1 serving (250 grams) contains 150 calories, 10.0 grams of protein, 5.0 grams of fat, and 10.0 grams of carbohydrates.
Calories |
141.5 | ||
|---|---|---|---|
% Daily Value* |
|||
| Total Fat | 4.7 g | 6% | |
| Saturated Fat | 0.9 g | 4% | |
| Polyunsaturated Fat | 0 g | ||
| Cholesterol | 9.4 mg | 3% | |
| Sodium | 471.7 mg | 20% | |
| Total Carbohydrates | 9.4 g | 3% | |
| Dietary Fiber | 1.9 g | 6% | |
| Sugars | 2.8 g | ||
| protein | 9.4 g | 18% | |
| Vitamin D | 0 mcg | 0% | |
| Calcium | 47.2 mg | 3% | |
| Iron | 1.4 mg | 7% | |
| Potassium | 283.0 mg | 6% | |
* Percent Daily Values are based on a 2,000 calorie diet. Your daily values may be higher or lower depending on your calorie needs.
Light Soup is a traditional dish from West Africa, particularly popular in Ghanaian cuisine. It is a tomato-based soup typically prepared with vegetables, spices, and meat or fish, though vegetarian versions also exist. The soup is characterized by its flavorful and aromatic broth, achieved by simmering ingredients such as onions, peppers, and ginger. Nutritionally, Light Soup is low in fats and rich in vitamins such as vitamin C from tomatoes and antioxidants from ginger. It also provides protein when made with meat or fish, and can be complemented with staple sides like fufu or rice, offering a balanced meal.
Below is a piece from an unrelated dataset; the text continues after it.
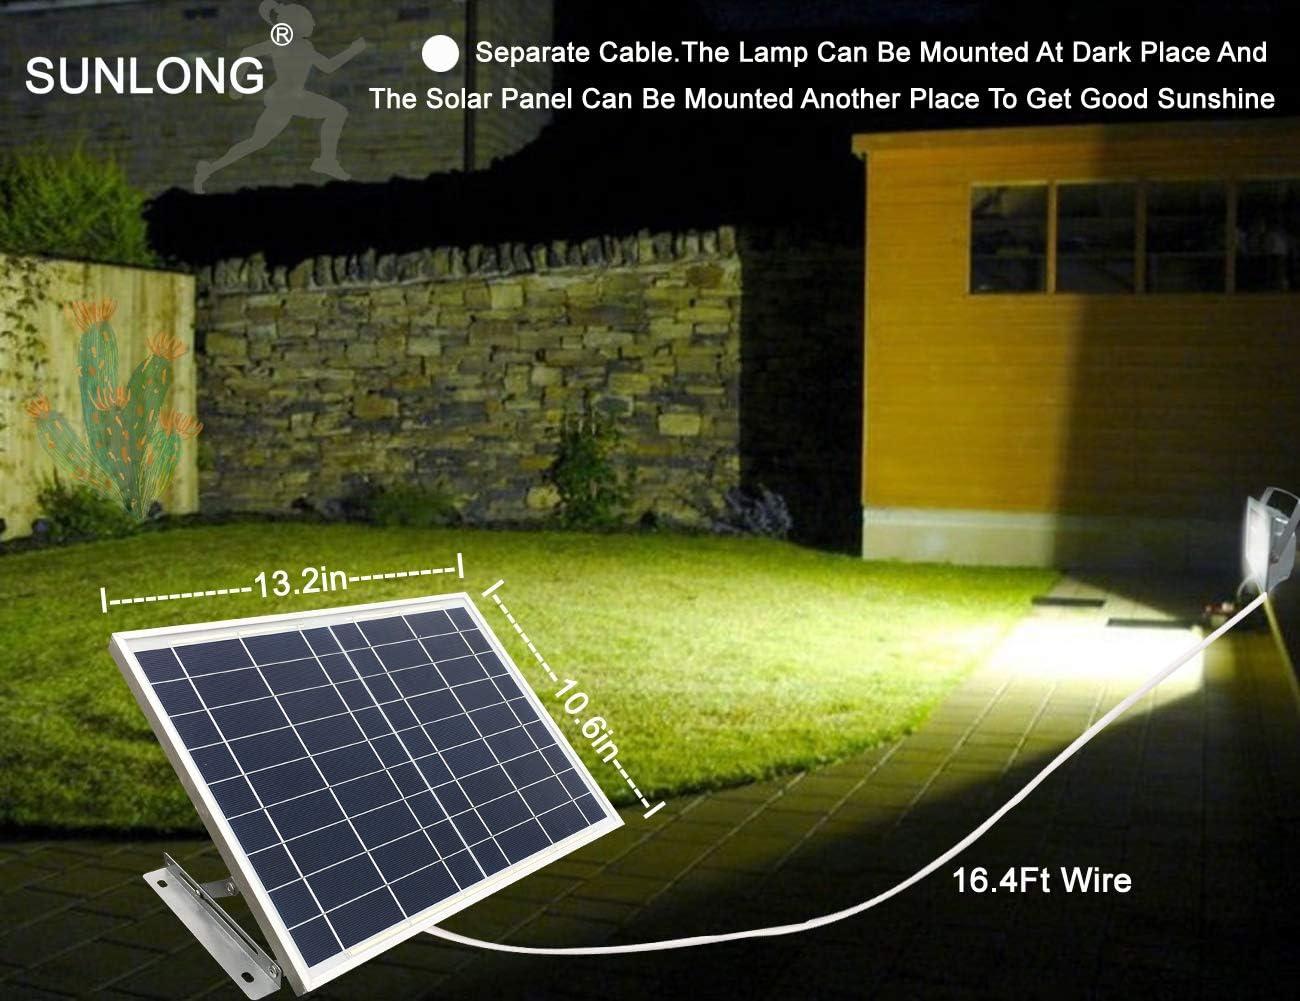 52LEDs Solar Powered Light Garden Outdoor light Flood Yard Lawn Wall Spot Lamp

Store Light Soup in an airtight container in the refrigerator for up to 3 days or freeze for up to a month to preserve flavor and quality.
The protein content of Light Soup depends on the ingredients used. If made with a base of chicken, fish, or beef, it can provide between 10-20 grams of protein per serving. However, vegetarian or vegan versions made without animal protein will contain less protein unless legumes or plant-based substitutes are included.
You can eat Light Soup on a keto diet if it is prepared without starchy vegetables like potatoes or corn, and instead includes low-carb options like leafy greens, bell peppers, or zucchini. Ensure the recipe does not use sugar or high-carb thickeners.
Light Soup is typically low in calories, making it a good choice for weight management. It also offers hydration and essential vitamins if made with nutrient-dense vegetables like tomatoes, carrots, and onions. Adding lean protein and herbs can enhance its benefits, including aiding muscle repair and boosting immunity.
A typical serving of Light Soup is about 1 to 1.5 cups, which is roughly 150-250 calories depending on the ingredients. Pairing it with a small portion of a whole grain or a protein source can make it a balanced meal.
Light Soup is typically lower in calories and fat compared to chowders or stews, as it is broth-based rather than cream- or starch-based. It is also easier to digest and faster to prepare, making it a healthier option for those looking for a nutrient-dense, low-calorie dish.
Our nutrition data comes from trusted, authoritative sources to ensure accuracy and reliability. Below are specific scientific references and authoritative sources for this food item.
Additional Authoritative Sources:
Daily value percentages based on FDA guidelines. Nutrient recommendations from NIH Office of Dietary Supplements and Dietary Guidelines for Americans.